Les femmes savantes
Certes votre prudence est rare au dernier point!
N'avez-vous point de honte avec votre mollesse?
660 Et se peut-il qu'un homme ait assez de faiblesse
Pour laisser à sa femme un pouvoir absolu,
Et n'oser attaquer ce qu'elle a résolu?
CHRYSALE
Mon Dieu, vous en parlez, mon frère, bien à l'aise,
Et vous ne savez pas comme le bruit me pèse.
665 J'aime fort le repos, la paix, et la douceur,
Et ma femme est terrible avecque son humeur.
Du nom de philosophe elle fait grand mystère*,
Mais elle n'en est pas pour cela moins colère;
Et sa morale faite à mépriser le bien,
670 Sur l'aigreur de sa bile opère comme rien*.
Pour peu que l'on s'oppose à ce que veut sa tête,
On en a pour huit jours d'effroyable tempête.

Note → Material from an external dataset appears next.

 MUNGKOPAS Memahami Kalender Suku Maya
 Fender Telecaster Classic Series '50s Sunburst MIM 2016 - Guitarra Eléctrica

Elle me fait trembler dès qu'elle prend son ton.
Je ne sais où me mettre, et c'est un vrai dragon;
675 Et cependant avec toute sa diablerie,
Il faut que je l'appelle, et "mon cœur", et "ma mie".
ARISTE
Allez, c'est se moquer. Votre femme, entre nous,
Est par vos lâchetés souveraine sur vous.
Son pouvoir n'est fondé que sur votre faiblesse.
680 C'est de vous qu'elle prend le titre de maîtresse.
Vous-même à ses hauteurs vous vous abandonnez,
Et vous faites mener en bête par le nez.
Quoi, vous ne pouvez pas, voyant comme on vous nomme,
Vous résoudre une fois à vouloir être un homme?
685 À faire condescendre une femme à vos vœux,
Et prendre assez de cœur pour dire un: "Je le veux"?
Vous laisserez sans honte immoler votre fille
Aux folles visions qui tiennent la famille,
Et de tout votre bien revêtir un nigaud,
690 Pour six mots de latin qu'il leur fait sonner haut?
Un pédant qu'à tous coups votre femme apostrophe
Du nom de bel esprit, et de grand philosophe,
D'homme qu'en vers galants jamais on n'égala,
Et qui n'est, comme on sait, rien moins que tout cela?